-- Records shown --

————————

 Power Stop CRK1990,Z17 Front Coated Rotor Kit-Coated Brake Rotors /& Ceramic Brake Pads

————————

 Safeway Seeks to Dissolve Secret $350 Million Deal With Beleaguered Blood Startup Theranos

————————

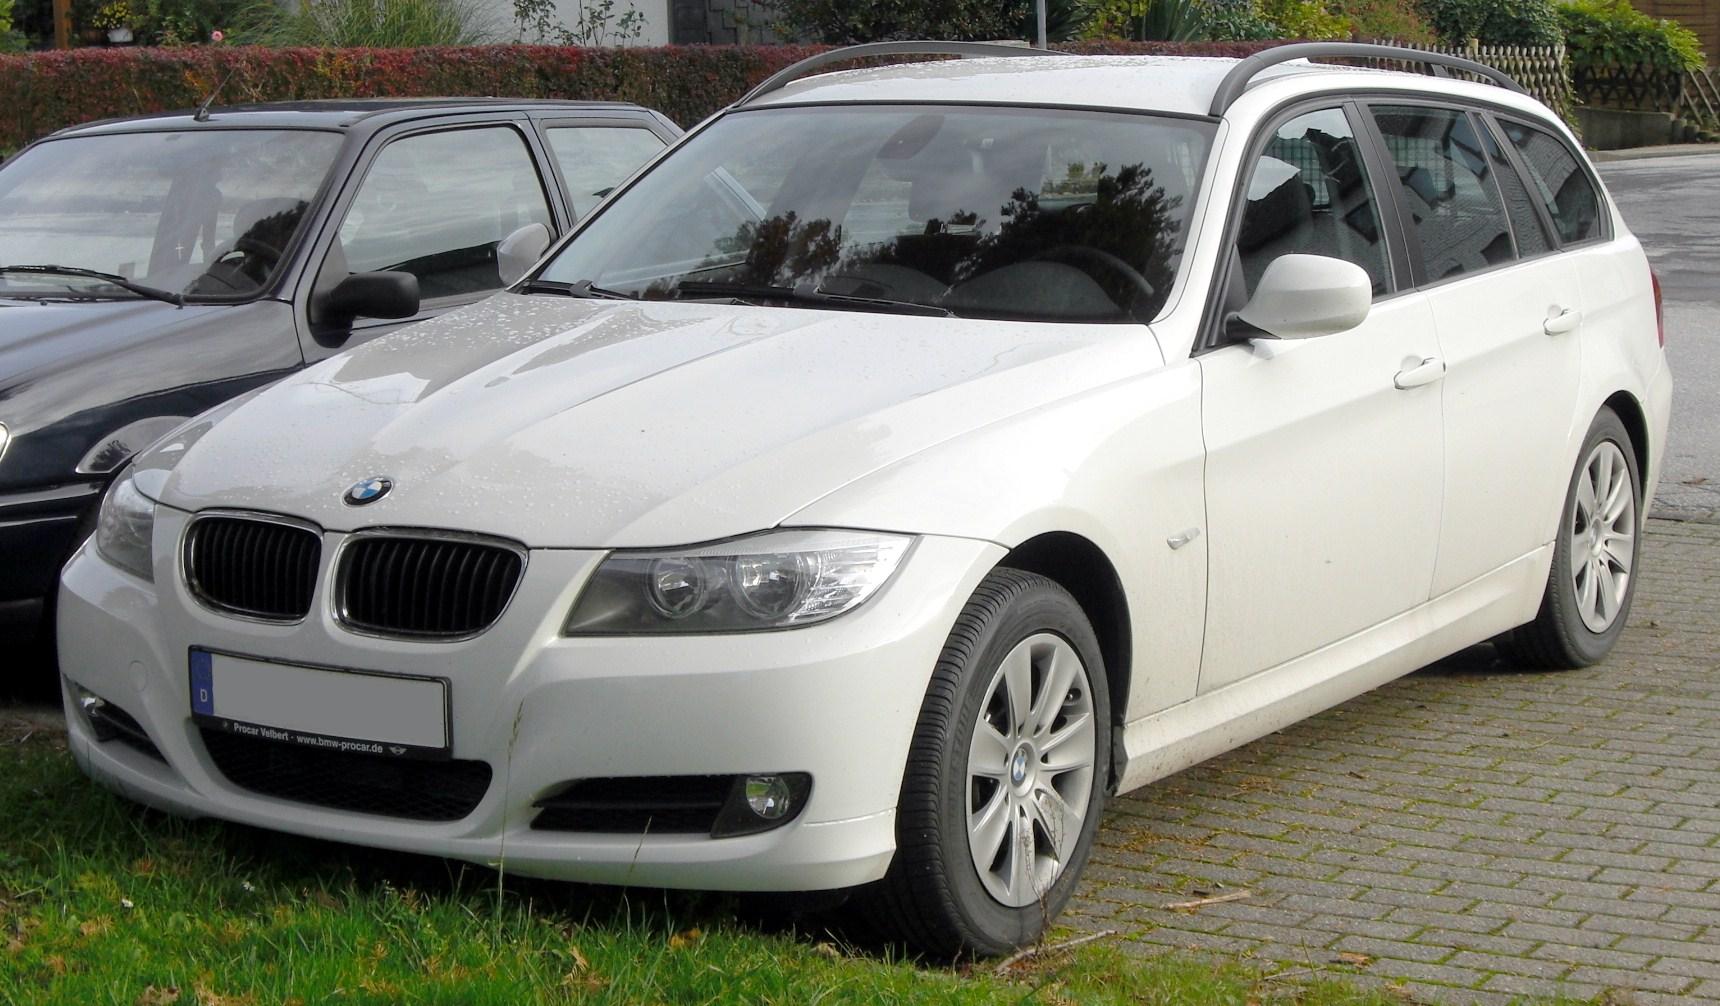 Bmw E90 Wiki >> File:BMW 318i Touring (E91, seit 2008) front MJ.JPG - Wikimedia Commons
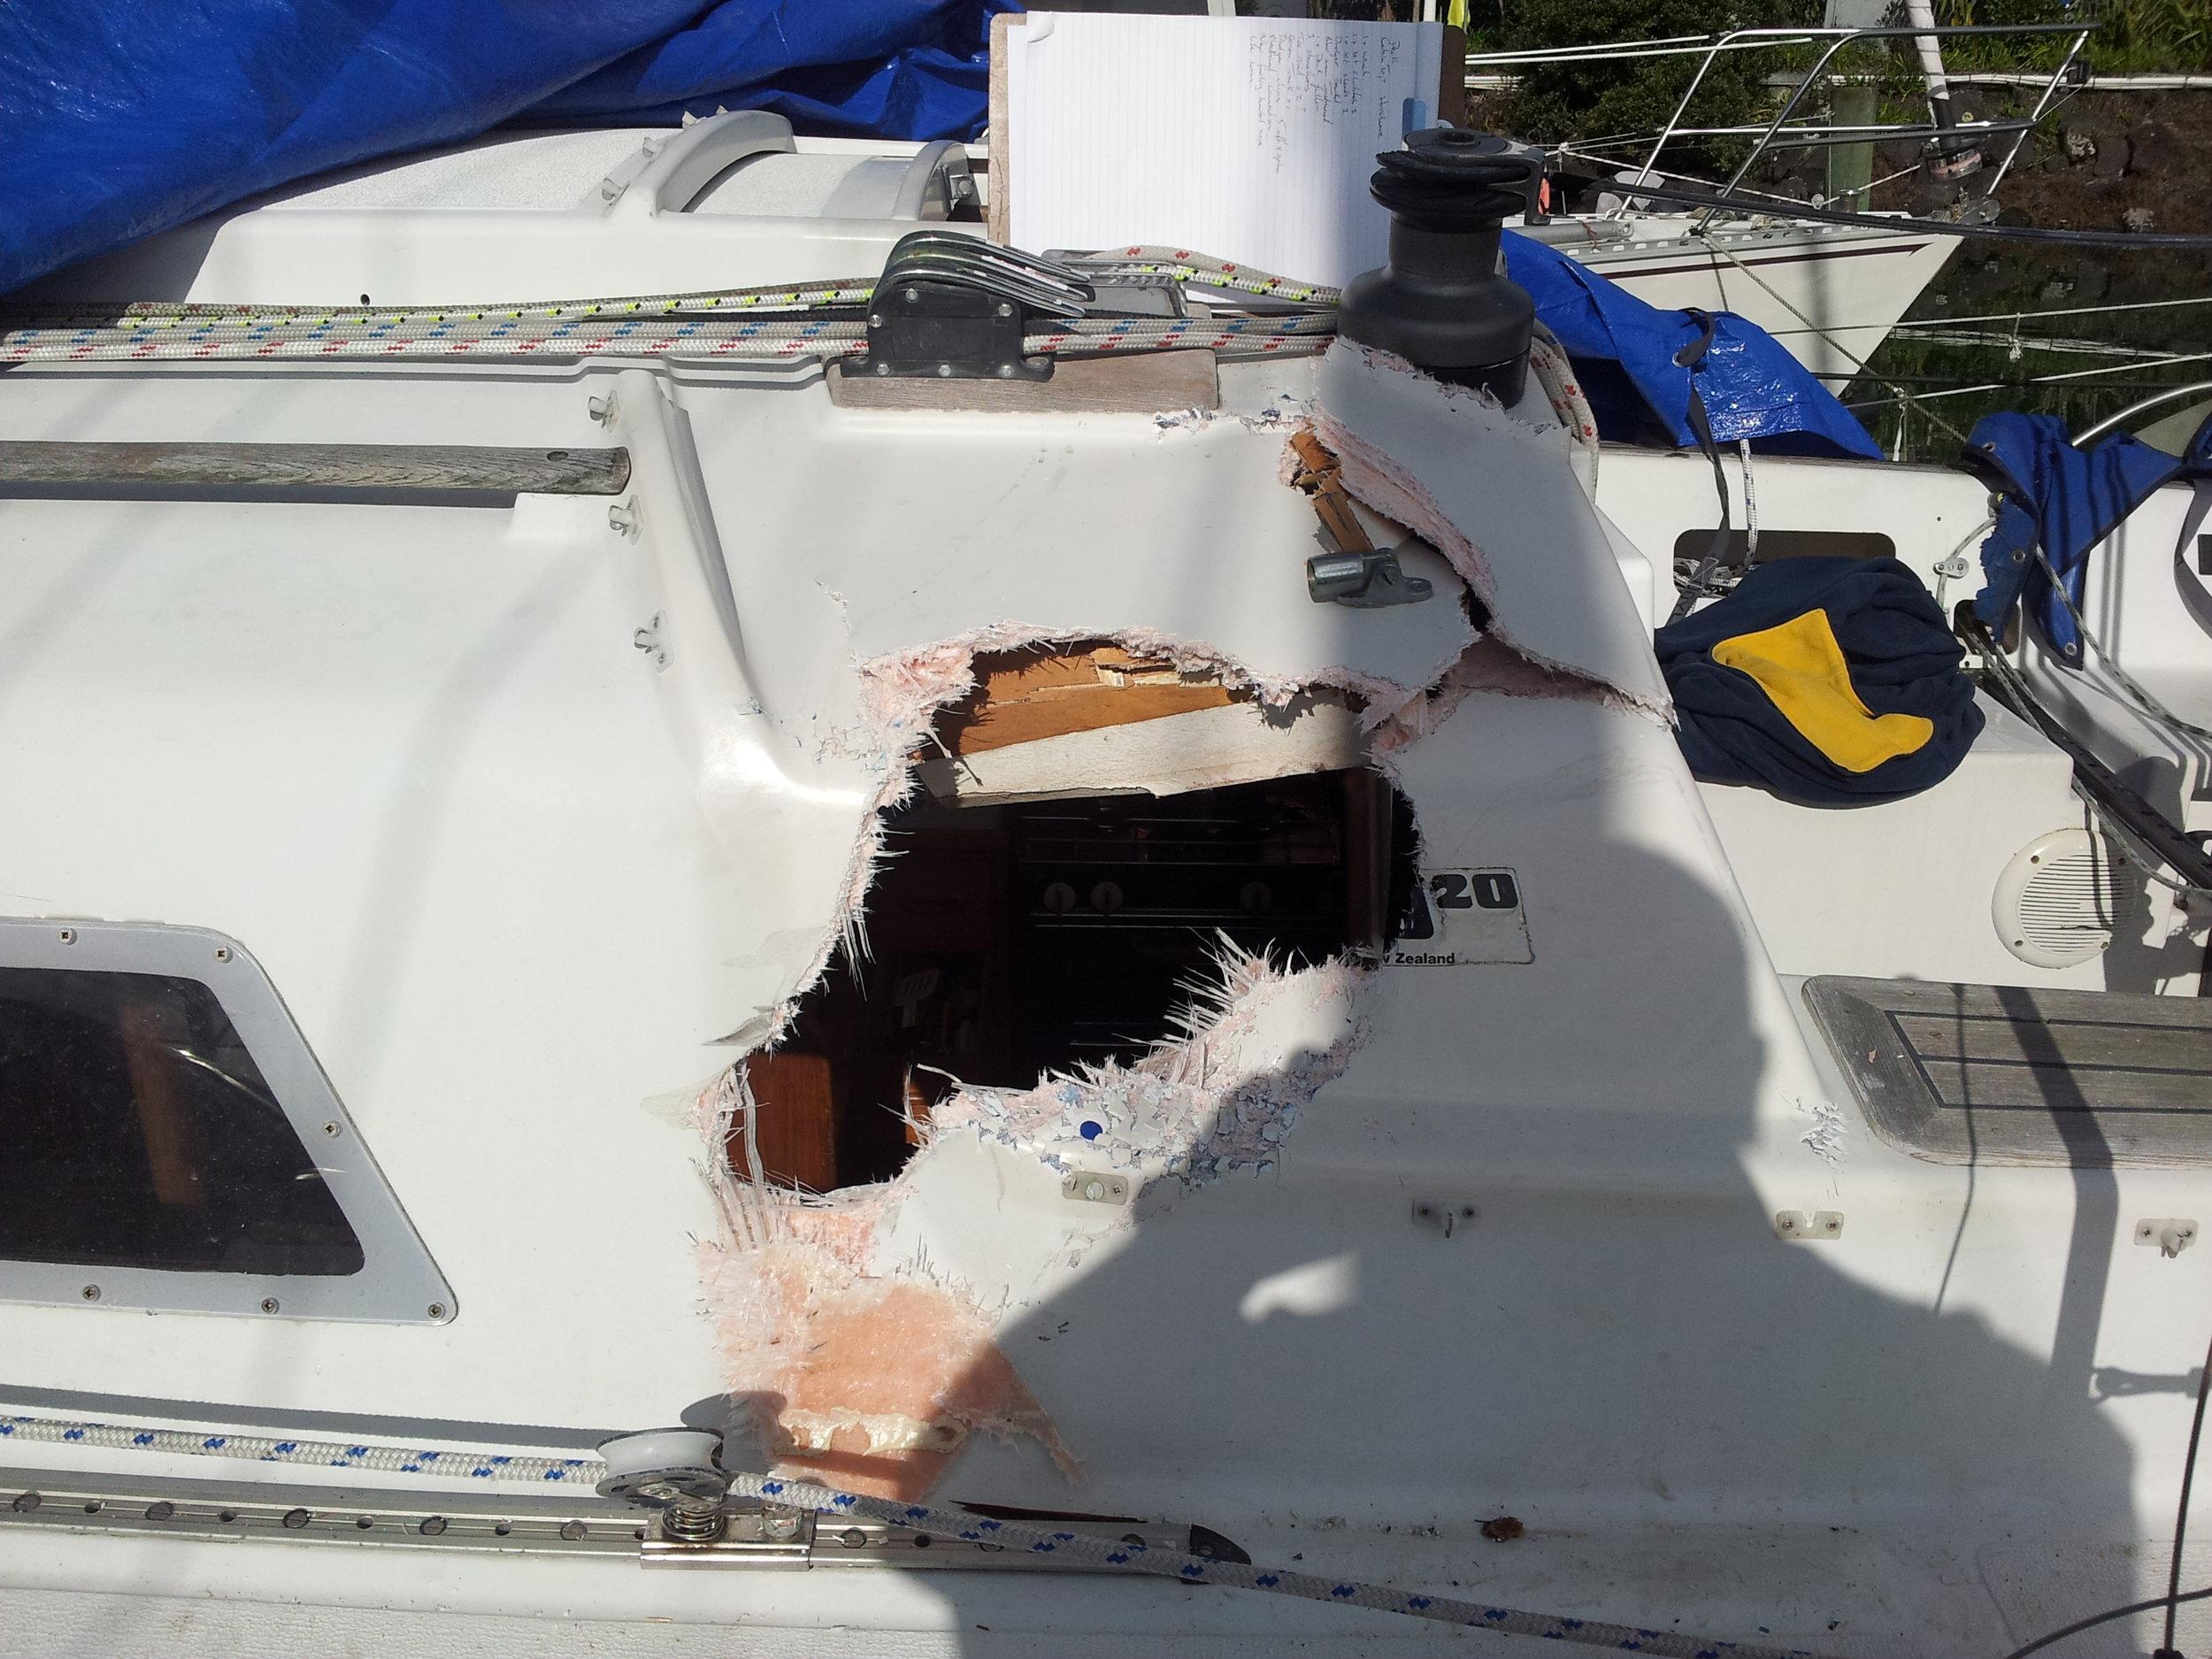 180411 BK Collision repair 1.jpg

————————

-- Exercise --
In the data above, find the line containing "Bmw E90 Wiki" and the line containing "180411 BK Collision repair 1.jpg". Copy exactly the stretch from the first through the second, both included, leaving out any picture.

-- Answer to this task --
 Bmw E90 Wiki >> File:BMW 318i Touring (E91, seit 2008) front MJ.JPG - Wikimedia Commons
 180411 BK Collision repair 1.jpg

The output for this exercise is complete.